[[ Given entries, beginning ]]
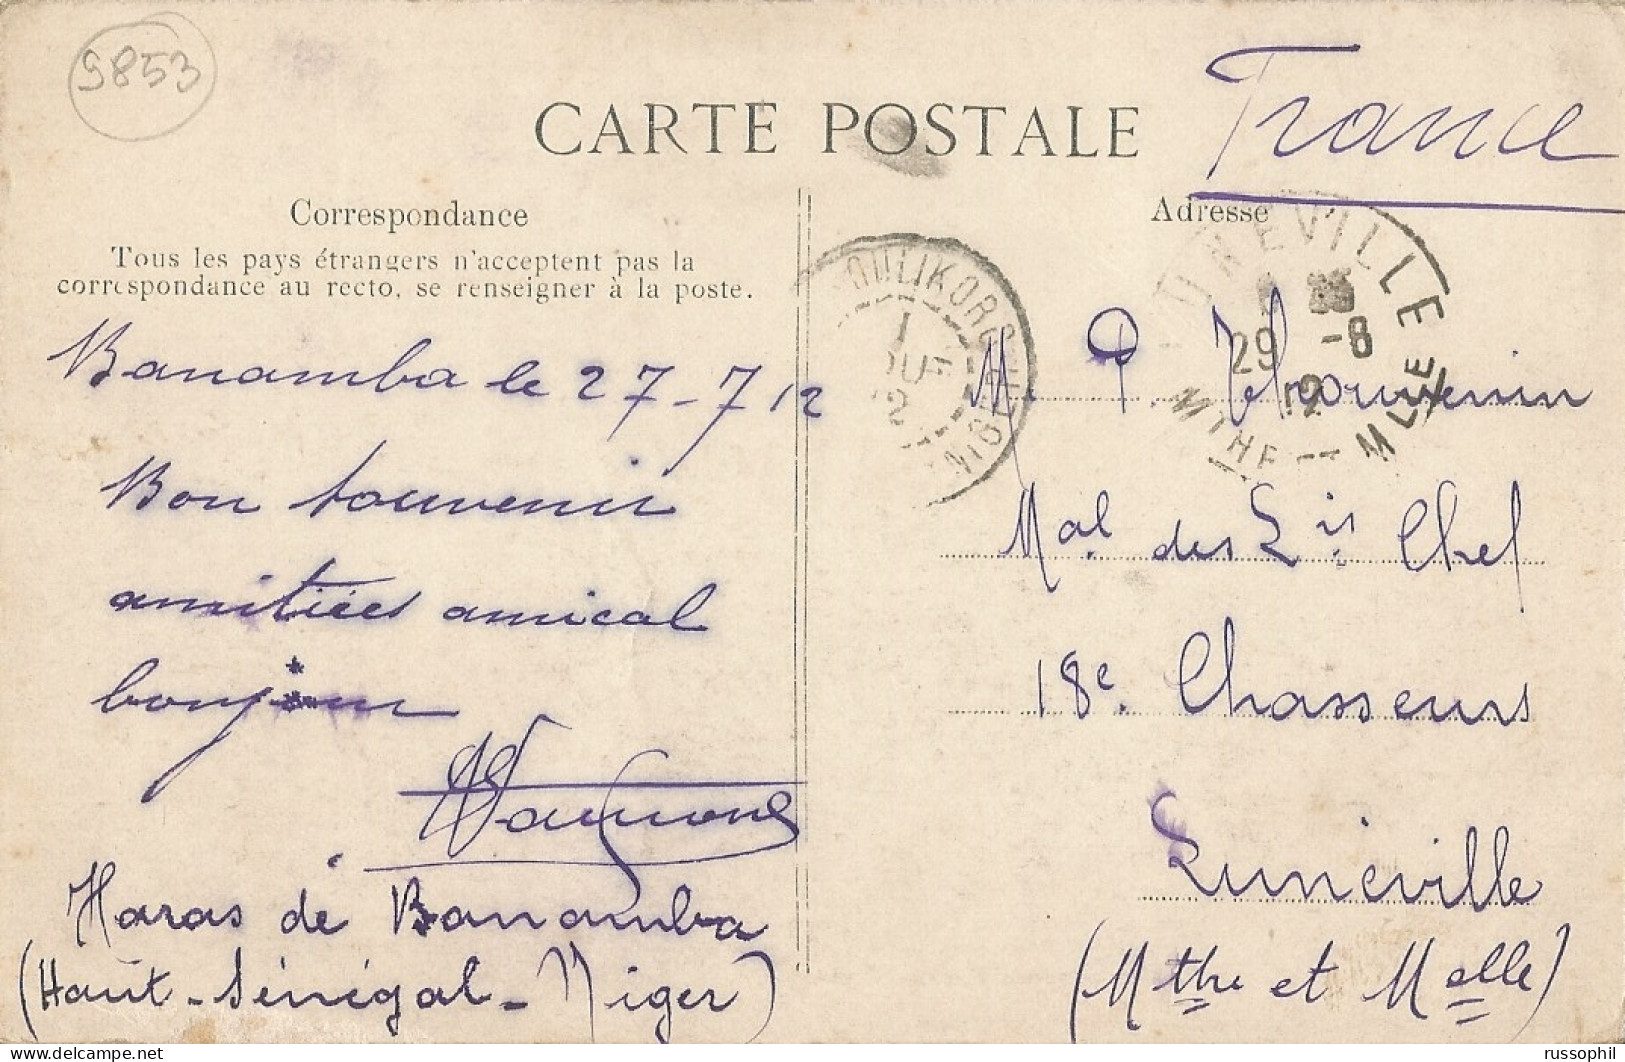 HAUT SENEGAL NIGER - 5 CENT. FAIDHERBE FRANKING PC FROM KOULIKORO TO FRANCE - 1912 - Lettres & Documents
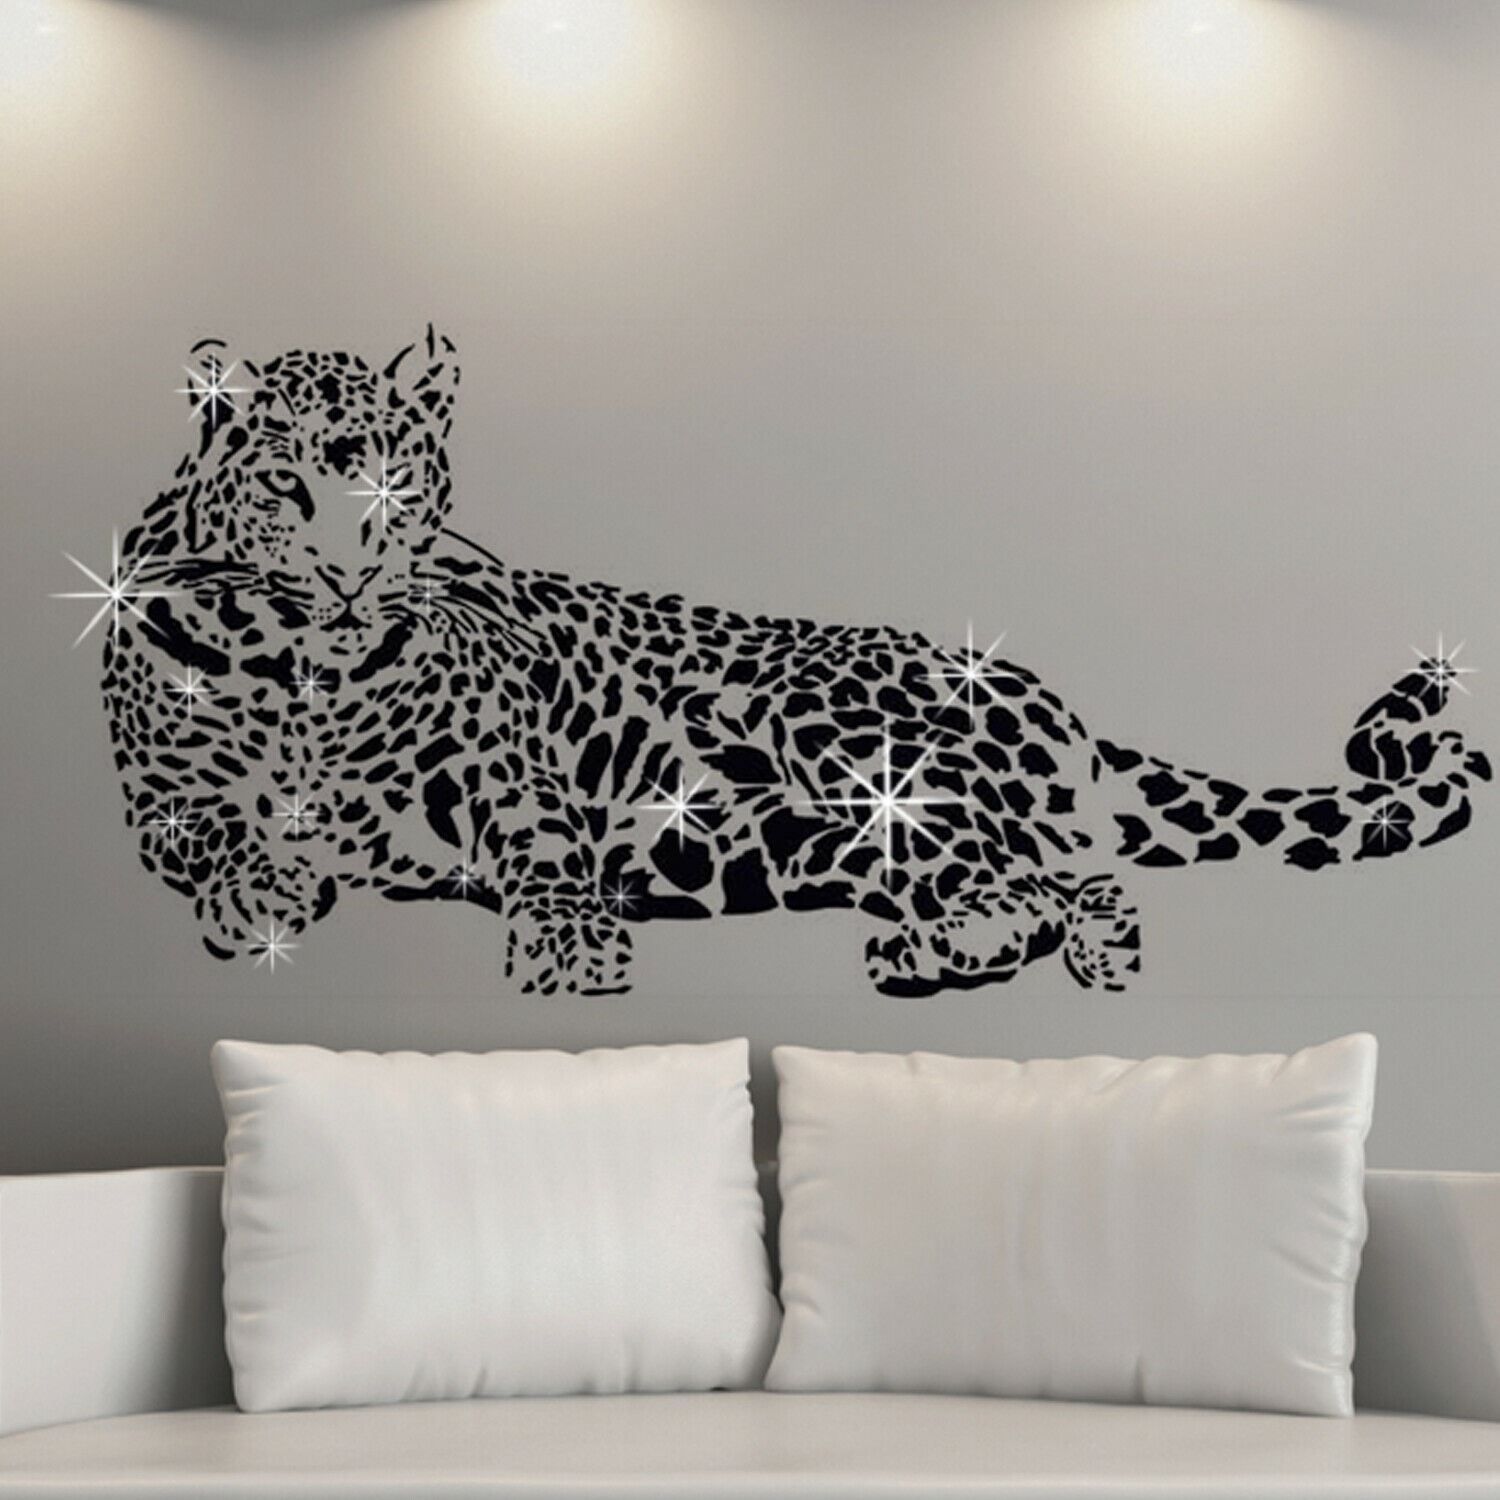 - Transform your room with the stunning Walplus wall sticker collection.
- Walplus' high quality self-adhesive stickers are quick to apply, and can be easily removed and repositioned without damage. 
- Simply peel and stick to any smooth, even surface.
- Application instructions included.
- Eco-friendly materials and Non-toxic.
[[ Given entries, end ]]
[[ Given entries, beginning ]]
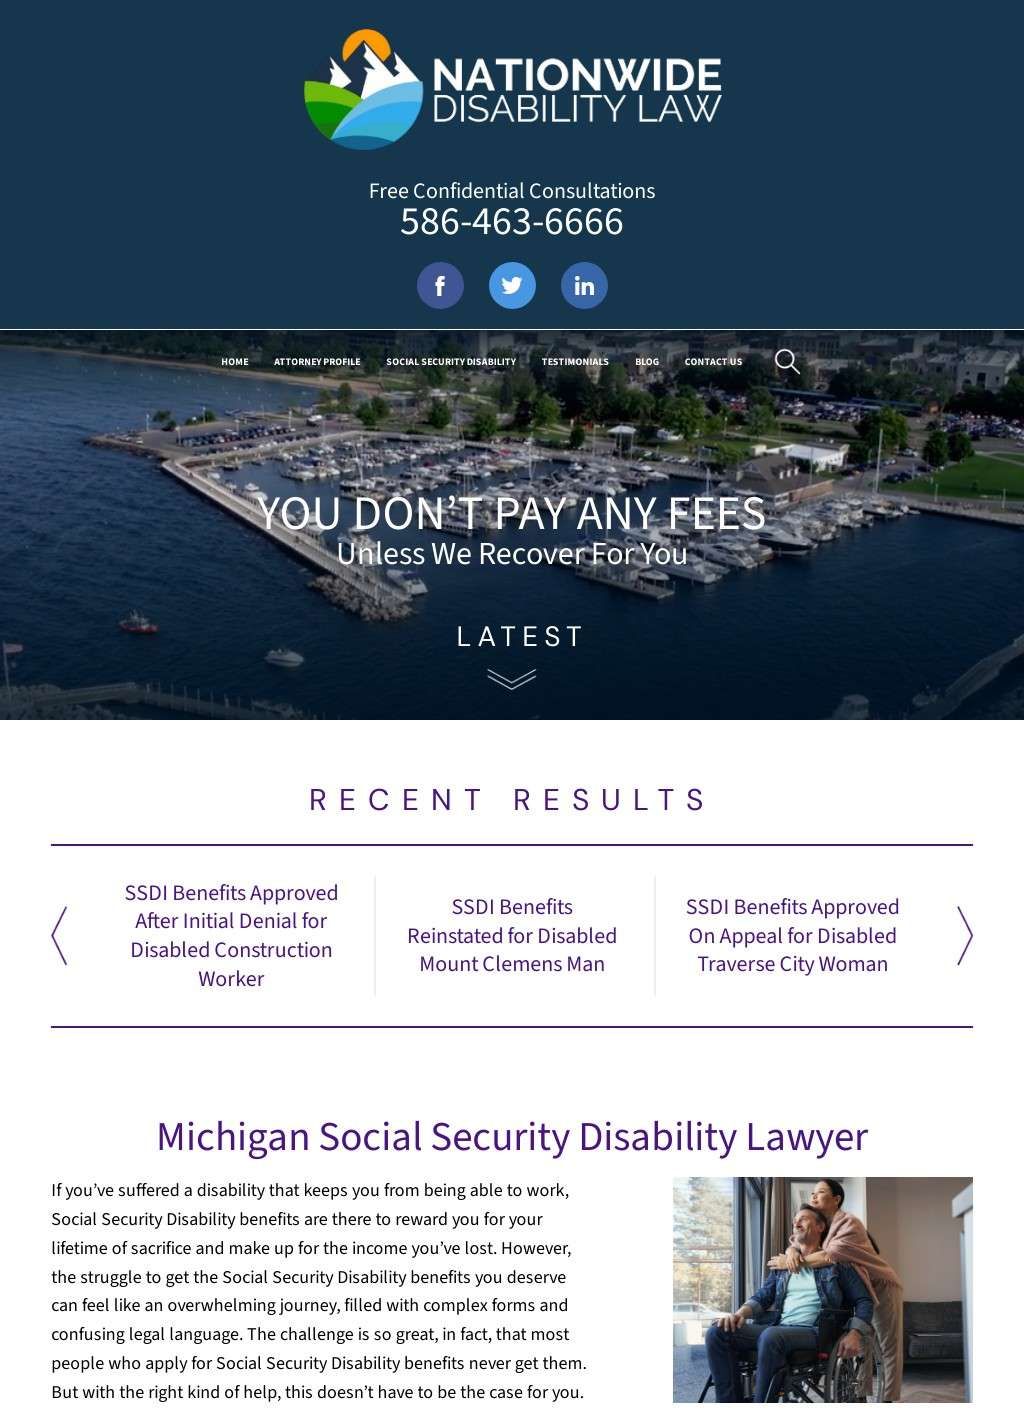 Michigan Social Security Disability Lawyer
[[ Given entries, end ]]
[[ Given entries, beginning ]]
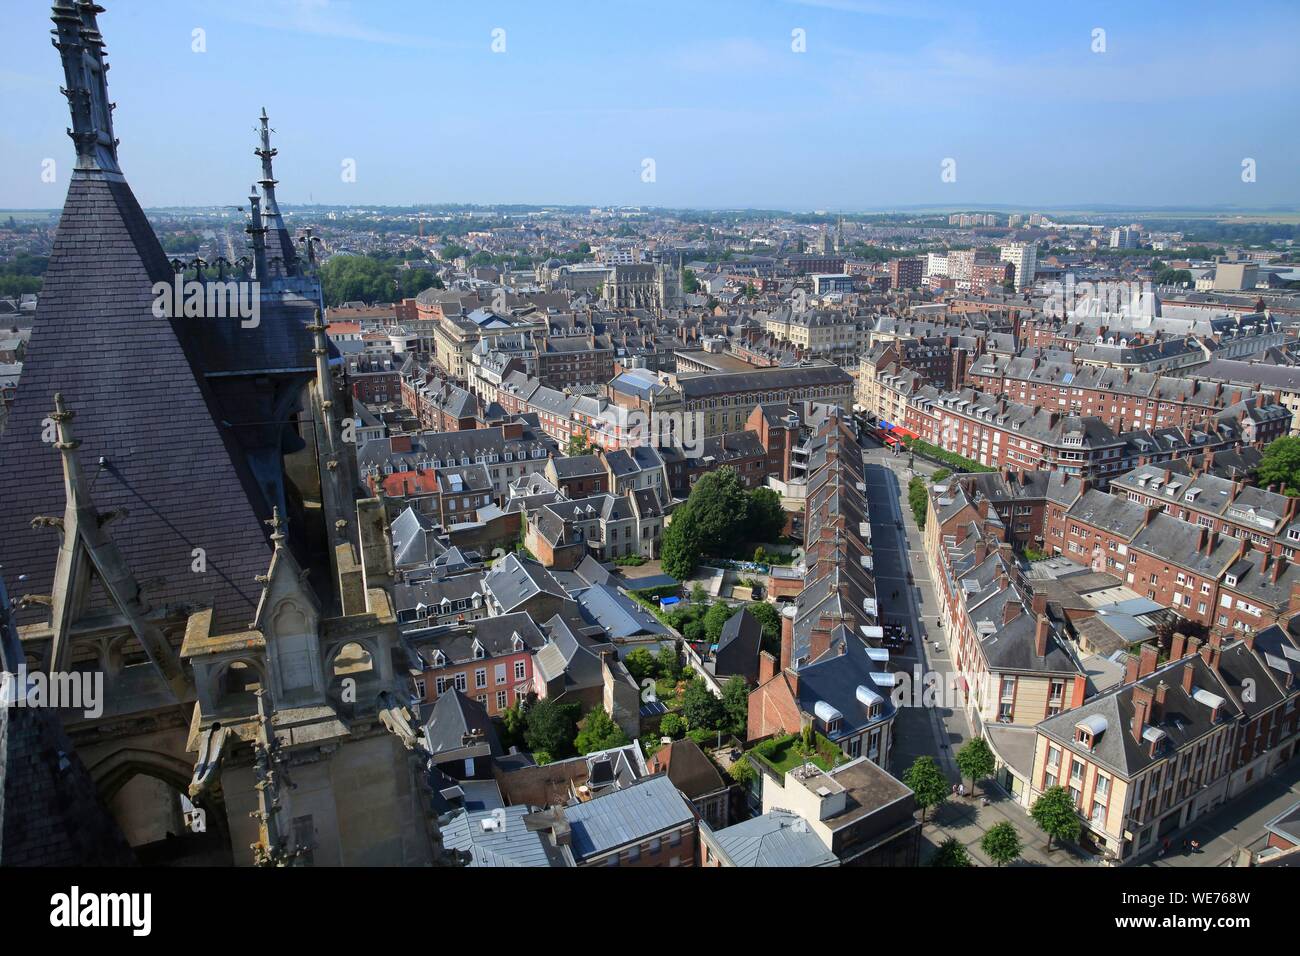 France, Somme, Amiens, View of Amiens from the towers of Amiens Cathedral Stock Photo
[[ Given entries, end ]]
Exercise: Leave out the images and write out the lines above exactly, from the one with "HAUT SENEGAL NIGER" up to and including the one with "- Application instructions included.".

Response to the task:
 HAUT SENEGAL NIGER - 5 CENT. FAIDHERBE FRANKING PC FROM KOULIKORO TO FRANCE - 1912 - Lettres & Documents
 - Transform your room with the stunning Walplus wall sticker collection.
- Walplus' high quality self-adhesive stickers are quick to apply, and can be easily removed and repositioned without damage. 
- Simply peel and stick to any smooth, even surface.
- Application instructions included.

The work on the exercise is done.